Deterministic Output Rules

  • Use the same section order for every supported request of this skill.
  • Keep output field names stable and do not rename documented keys across examples.
  • If a value is unavailable, emit an explicit placeholder instead of omitting the field.

Output Contract

  • Return a structured deliverable that is directly usable without reformatting.
  • If a file is produced, prefer a deterministic output name such as image_ocr_result.md unless the skill documentation defines a better convention.
  • Include a short validation summary describing what was checked, what assumptions were made, and any remaining limitations.

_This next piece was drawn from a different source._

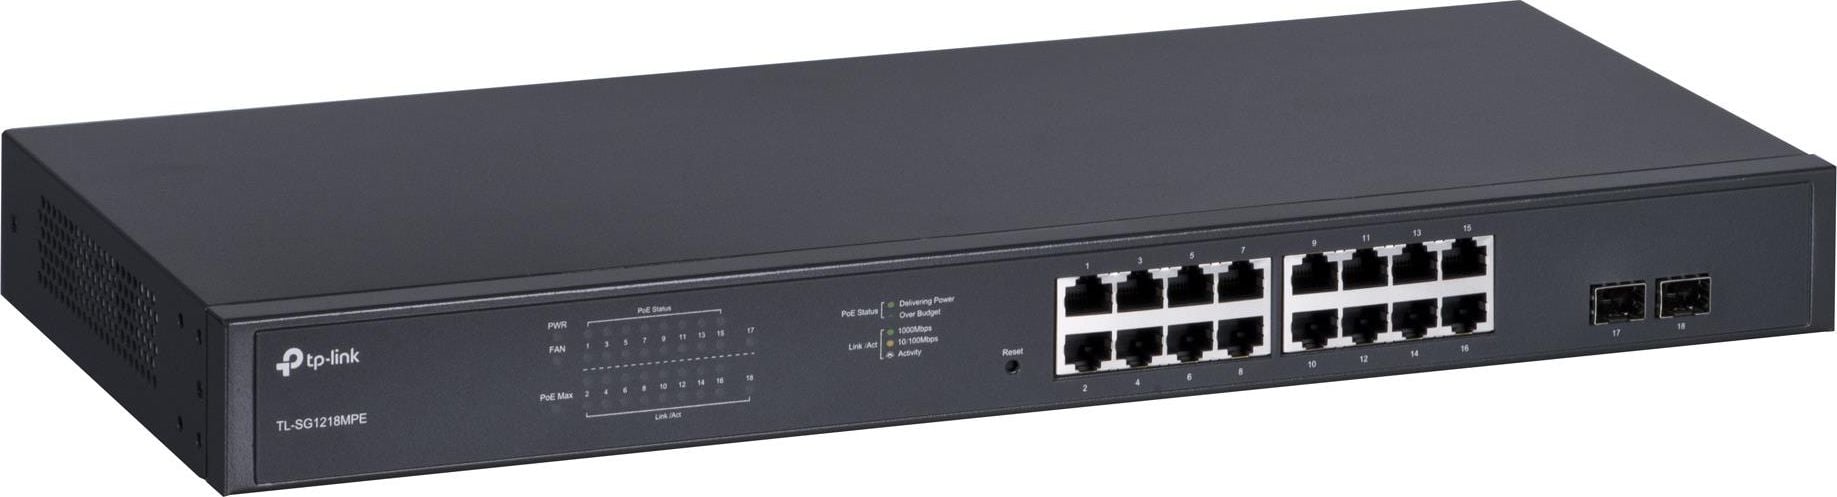 Comutator Switch TP-Link TL-SG1218MPE, Managed, 16 10/100/1000 Mbps RJ45 Ports, 2 Gigabit SFP Ports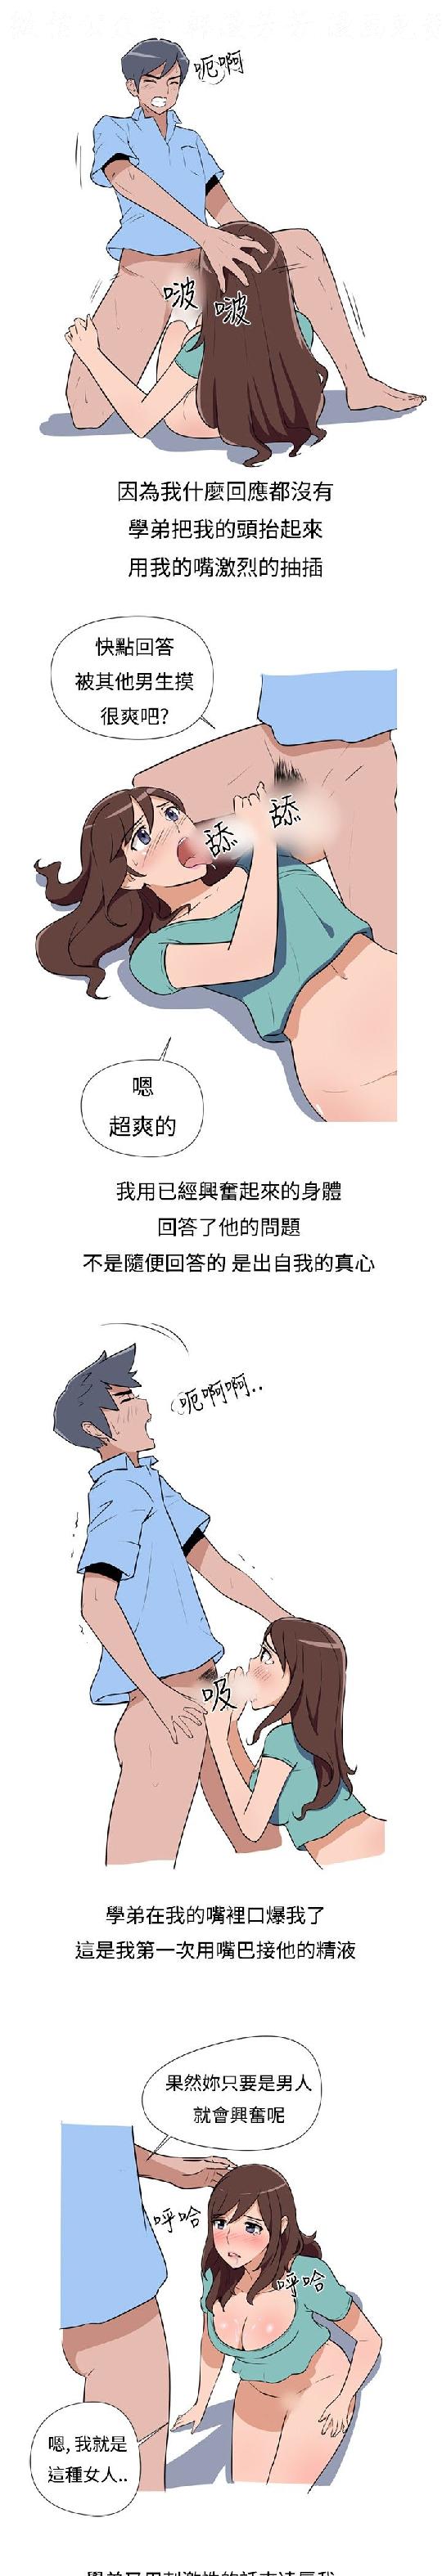 調教女大生【中文】 page 46 full

Validation and Safety Rules

  • Validate required inputs before execution and stop early when mandatory fields or files are missing.
  • Do not fabricate measurements, references, findings, or conclusions that are not supported by the provided source material.
  • Emit a clear warning when credentials, privacy constraints, safety boundaries, or unsupported requests affect the result.
  • Keep the output safe, reproducible, and within the documented scope at all times.

Failure Handling

  • If validation fails, explain the exact missing field, file, or parameter and show the minimum fix required.
  • If an external dependency or script fails, surface the command path, likely cause, and the next recovery step.
  • If partial output is returned, label it clearly and identify which checks could not be completed.

Completion Checklist

  • Confirm all required inputs were present and valid.
  • Confirm the supported execution path completed without unresolved errors.
  • Confirm the final deliverable matches the documented format exactly.
  • Confirm assumptions, limitations, and warnings are surfaced explicitly.

Quick Validation

Run this minimal verification path before full execution when possible:

python scripts/image_ocr.py --help

Expected output format:

Result file: image_ocr_result.md
Validation summary: PASS/FAIL with brief notes
Assumptions: explicit list if any

Scope Reminder

  • Core purpose: Extract text from images with Tesseract OCR; use it when you need to recognize text from PNG/JPEG/TIFF/BMP images, select a language model, or run OCR via natural-language requests (e.g., "Interpret the image at C:\path\image.png").